Information supplied START

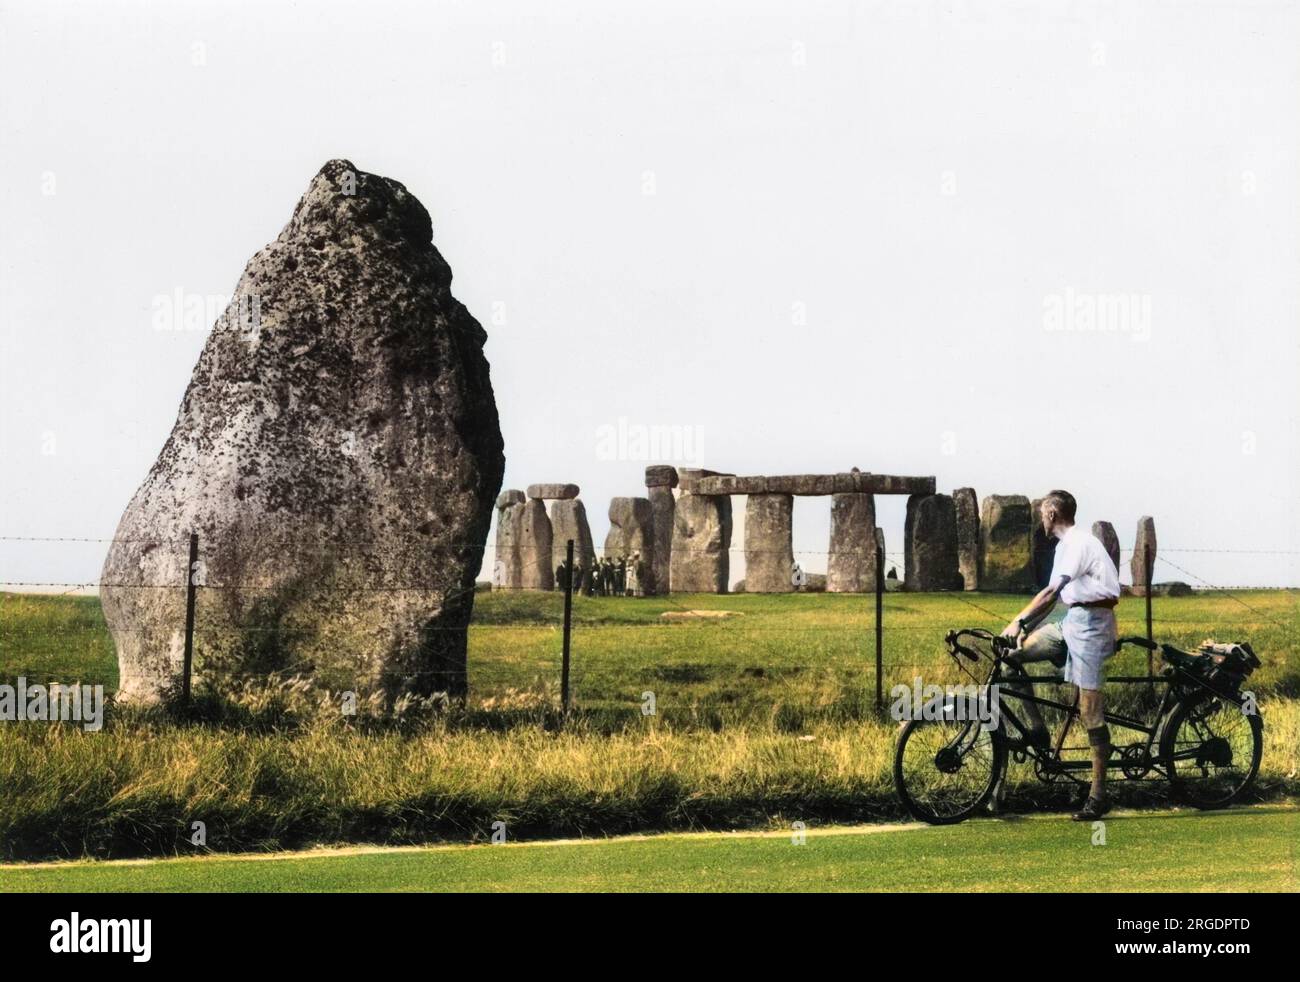 A cyclist on a tandem stops to admire the ancient standing stones at Stonehenge, Wiltshire, England, where a guided tour is taking place. Stock Photo
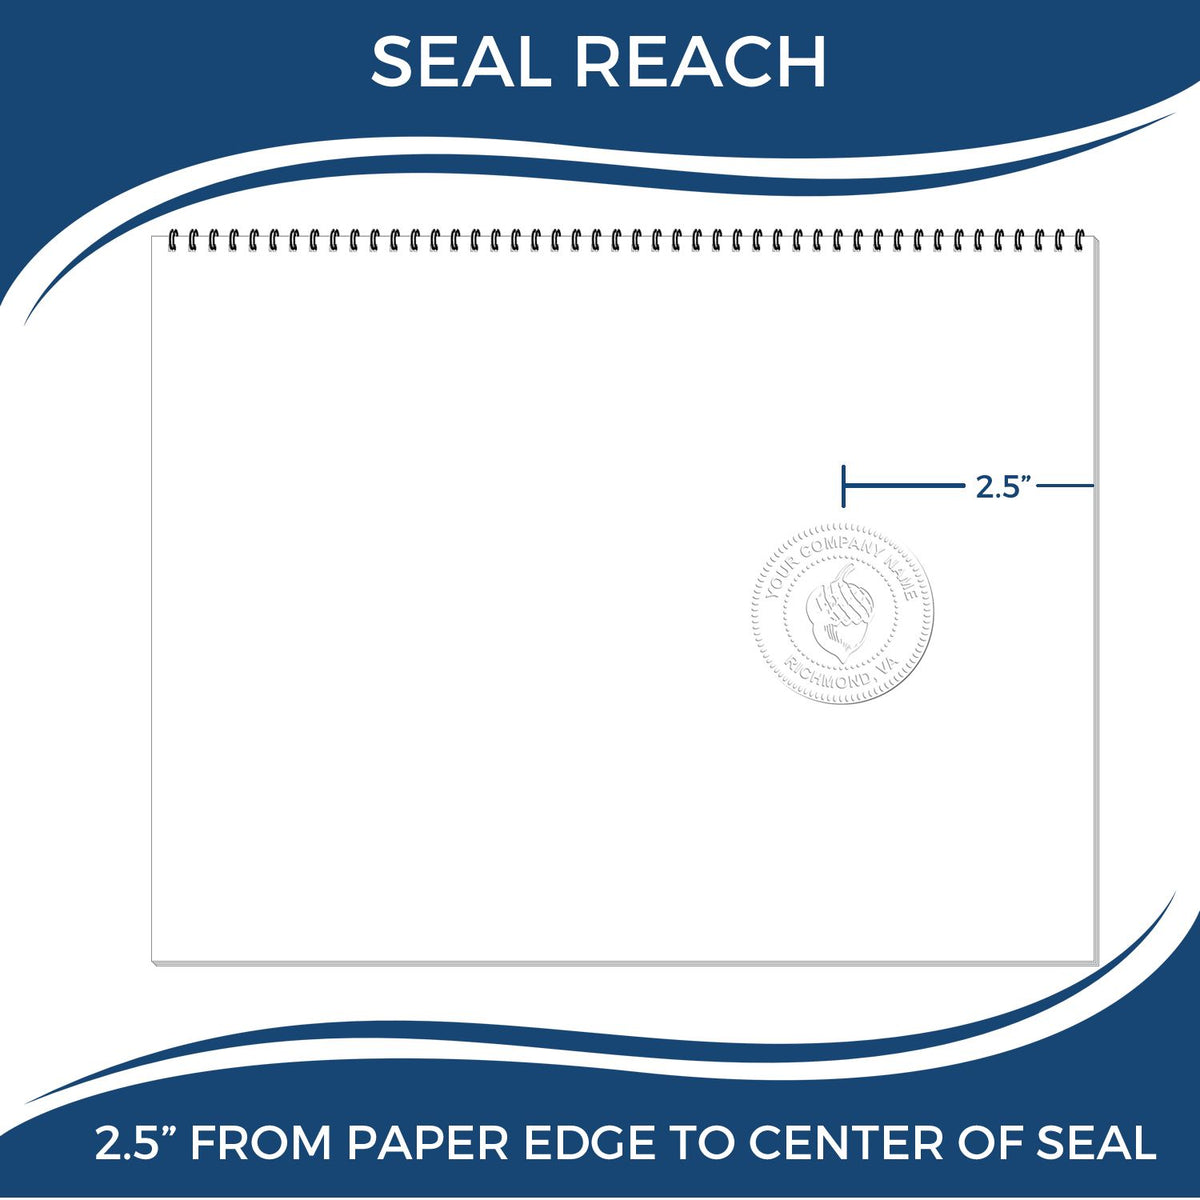 An infographic showing the seal reach which is represented by a ruler and a miniature seal image of the Heavy Duty Cast Iron Illinois Geologist Seal Embosser
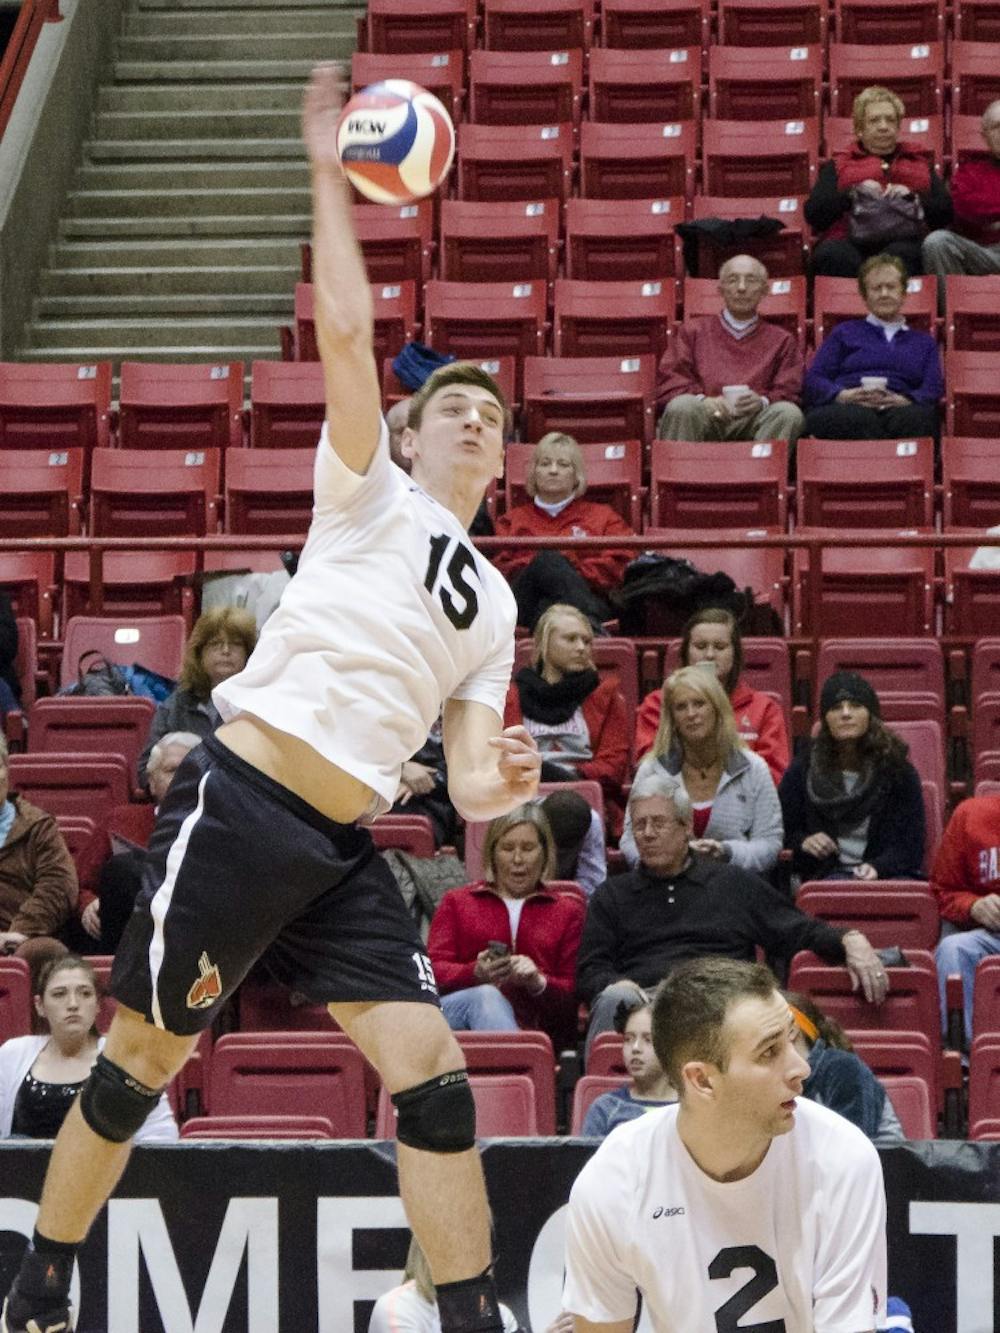 Sophomore outside attacker Marcin Niemczewski sets the ball during a match against Sacred Heart on Jan. 11 in Worthen Arena. Ball State swept the match, taking all three sets to end the game. DN PHOTO COREY OHLENKAMP

Information supplied END

• What needs to be done
An exact repeat of all the data is required, pictures excluded.

• Solution to the problem
 A cyclist on a tandem stops to admire the ancient standing stones at Stonehenge, Wiltshire, England, where a guided tour is taking place. Stock Photo
 An infographic showing the seal reach which is represented by a ruler and a miniature seal image of the Heavy Duty Cast Iron Illinois Geologist Seal Embosser
 Sophomore outside attacker Marcin Niemczewski sets the ball during a match against Sacred Heart on Jan. 11 in Worthen Arena. Ball State swept the match, taking all three sets to end the game. DN PHOTO COREY OHLENKAMP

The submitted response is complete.